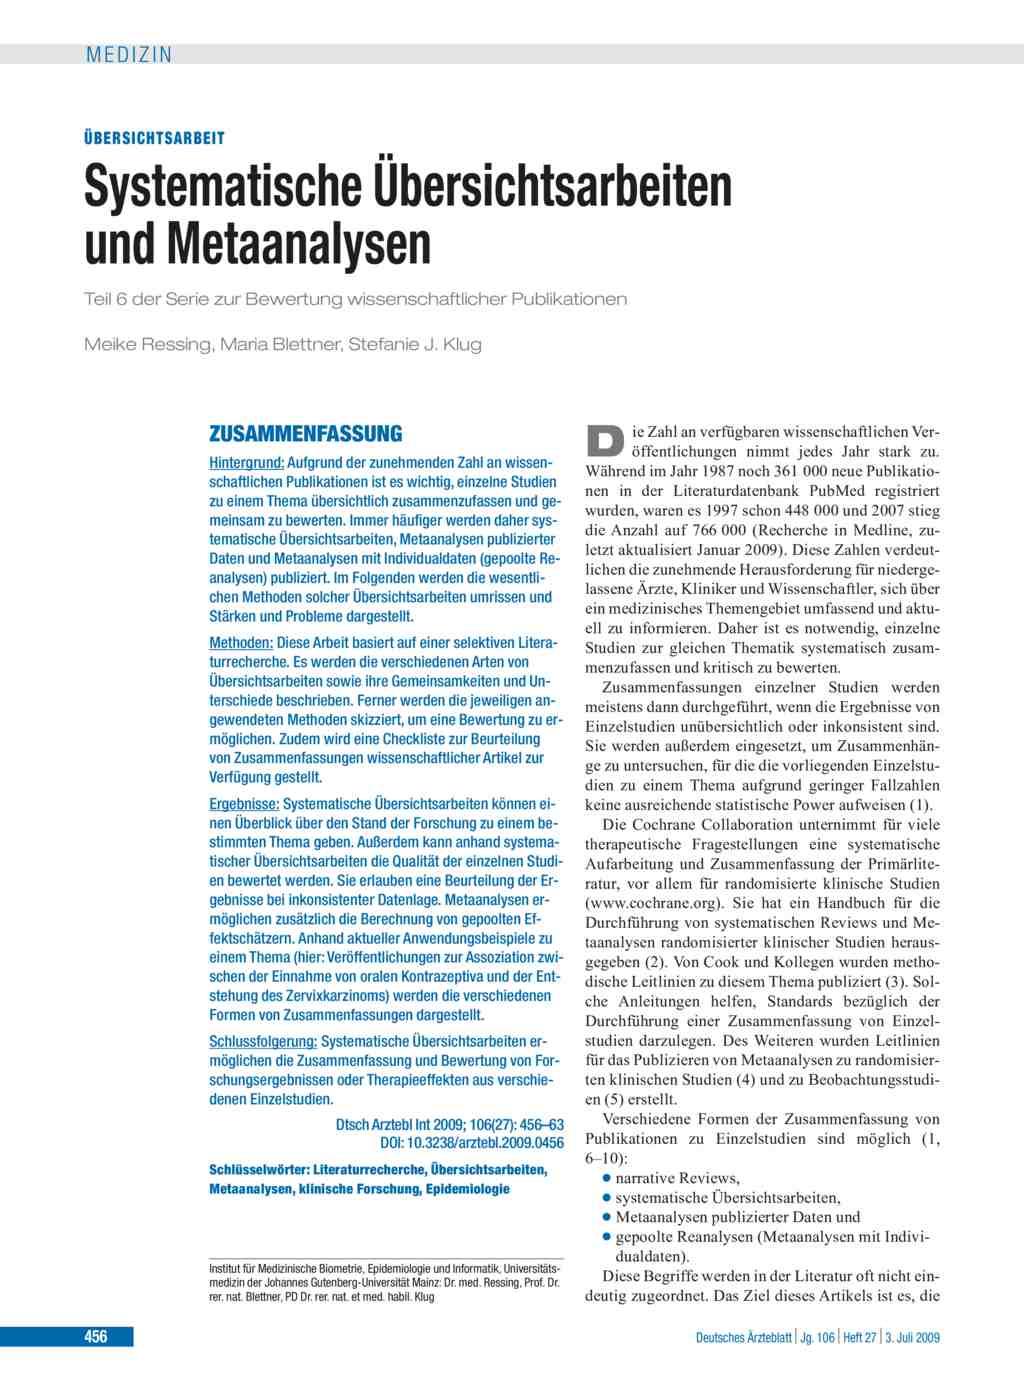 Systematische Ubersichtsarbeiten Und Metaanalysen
++++
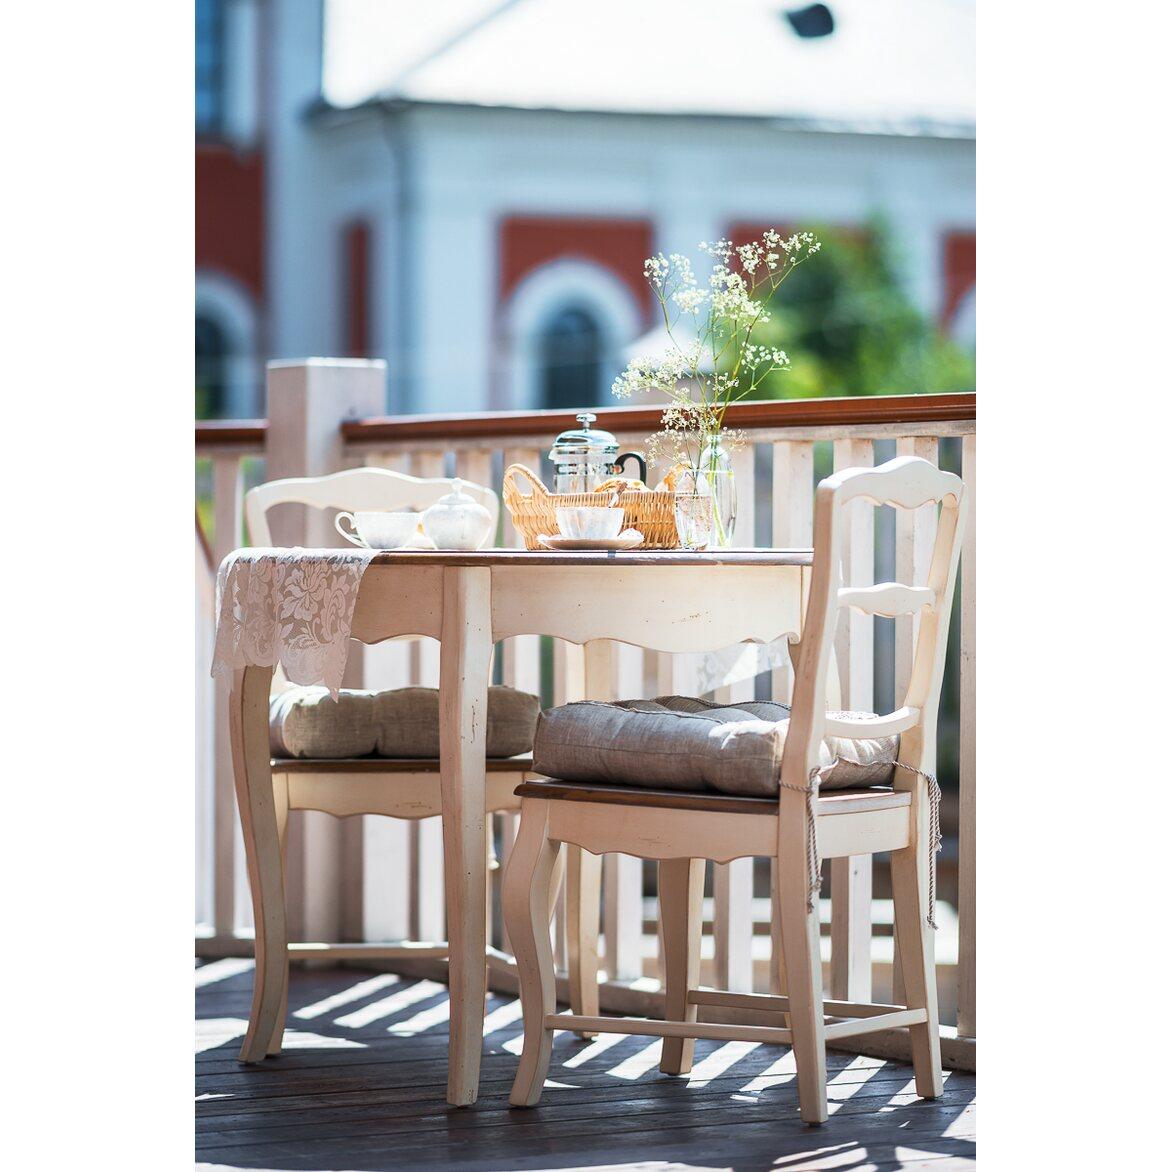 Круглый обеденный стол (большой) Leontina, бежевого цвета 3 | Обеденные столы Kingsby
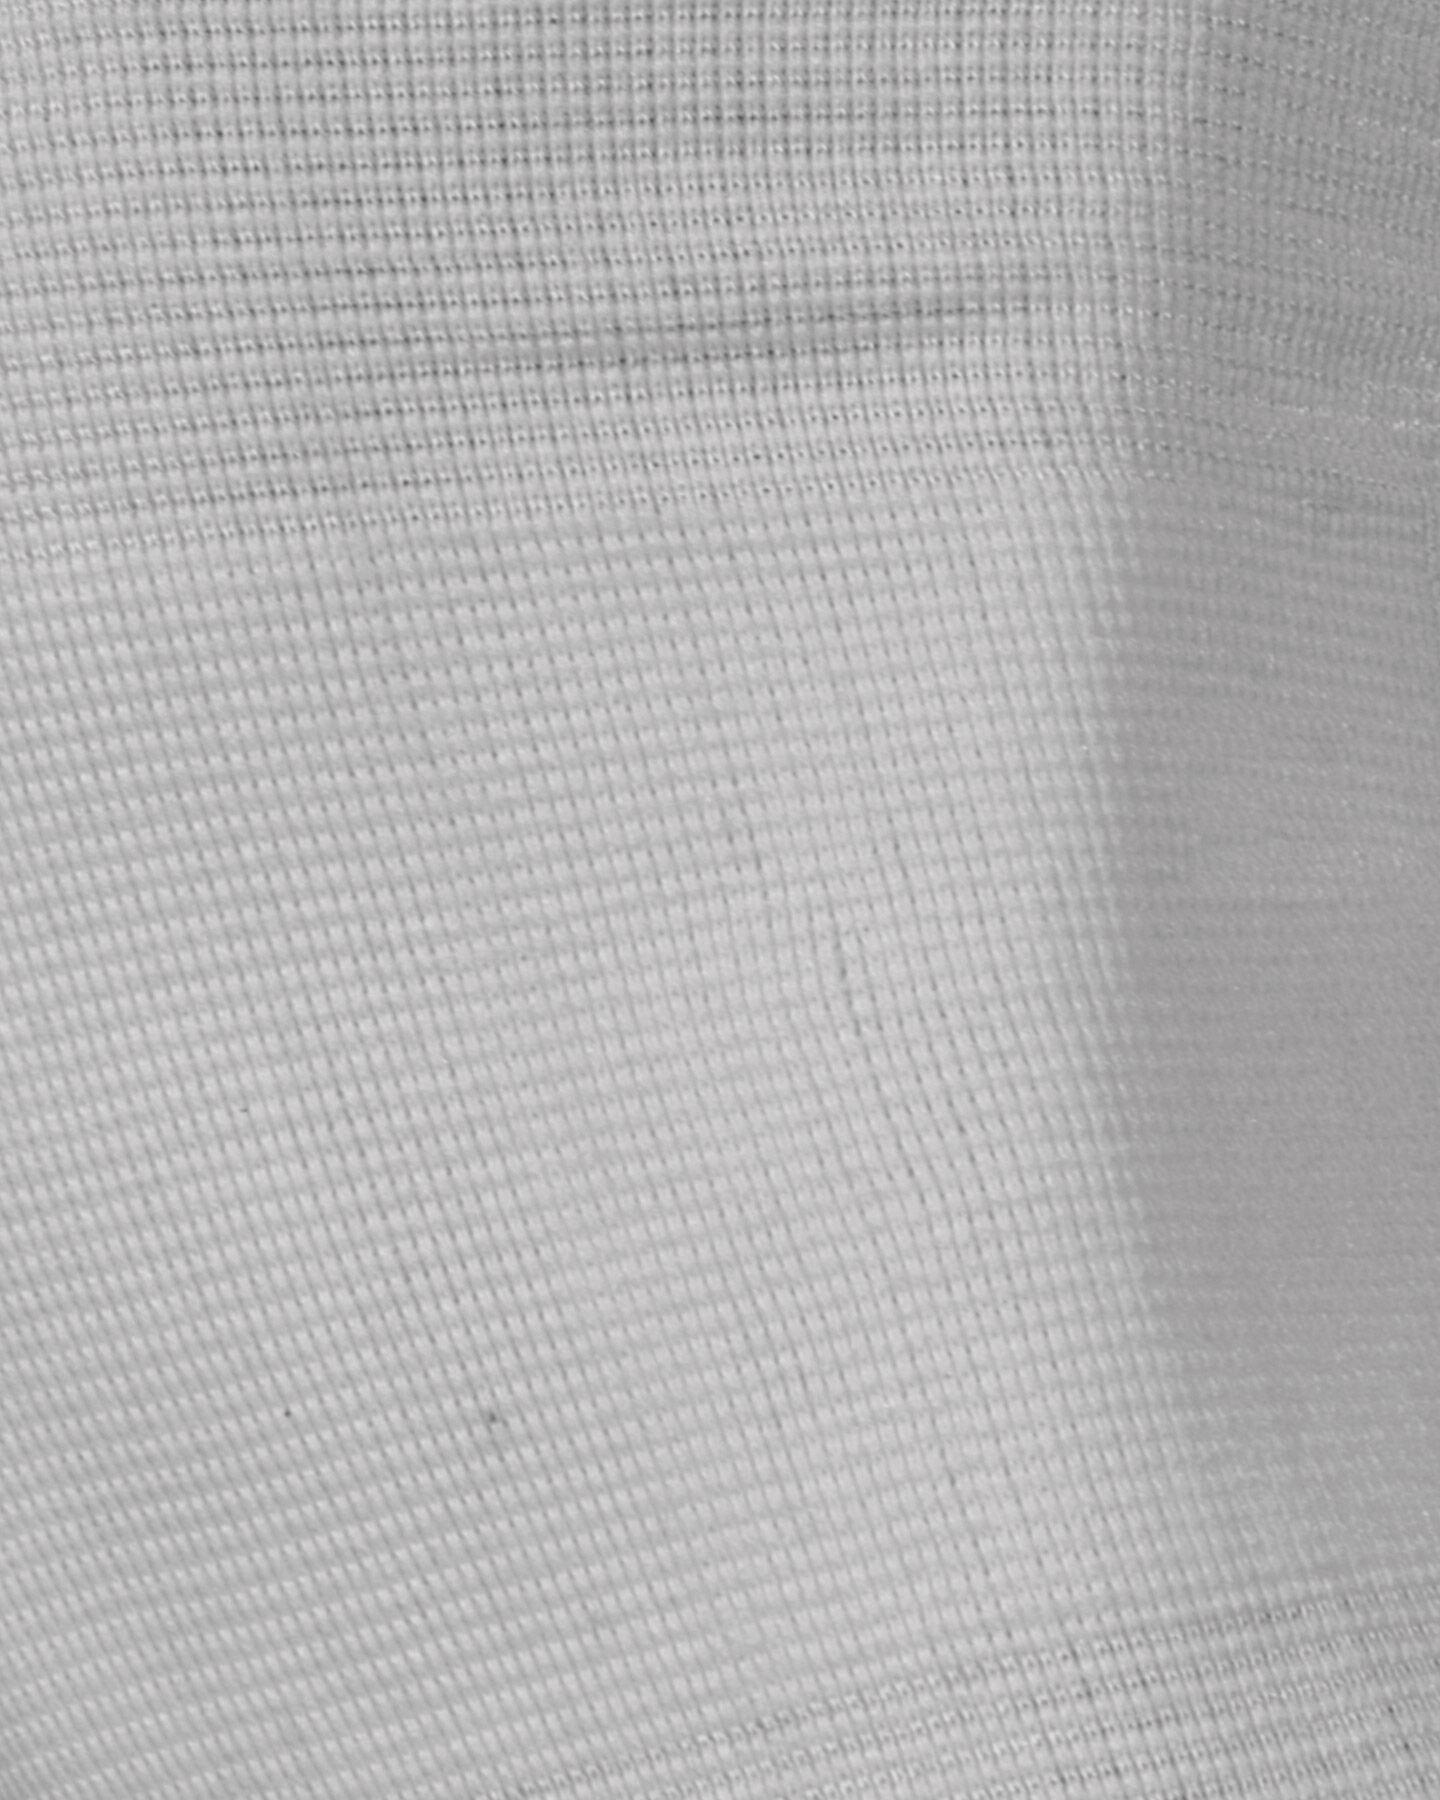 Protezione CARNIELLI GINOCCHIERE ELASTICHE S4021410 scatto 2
++++
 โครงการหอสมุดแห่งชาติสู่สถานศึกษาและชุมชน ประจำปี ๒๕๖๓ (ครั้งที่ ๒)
++++
The answer should consist only of the lines above from the one with "Круглый обеденный стол" through the one with "Protezione CARNIELLI GINOCCHIERE", repeated exactly, with no pictures among them.

■ **Exercise answer**
 Круглый обеденный стол (большой) Leontina, бежевого цвета 3 | Обеденные столы Kingsby
 Protezione CARNIELLI GINOCCHIERE ELASTICHE S4021410 scatto 2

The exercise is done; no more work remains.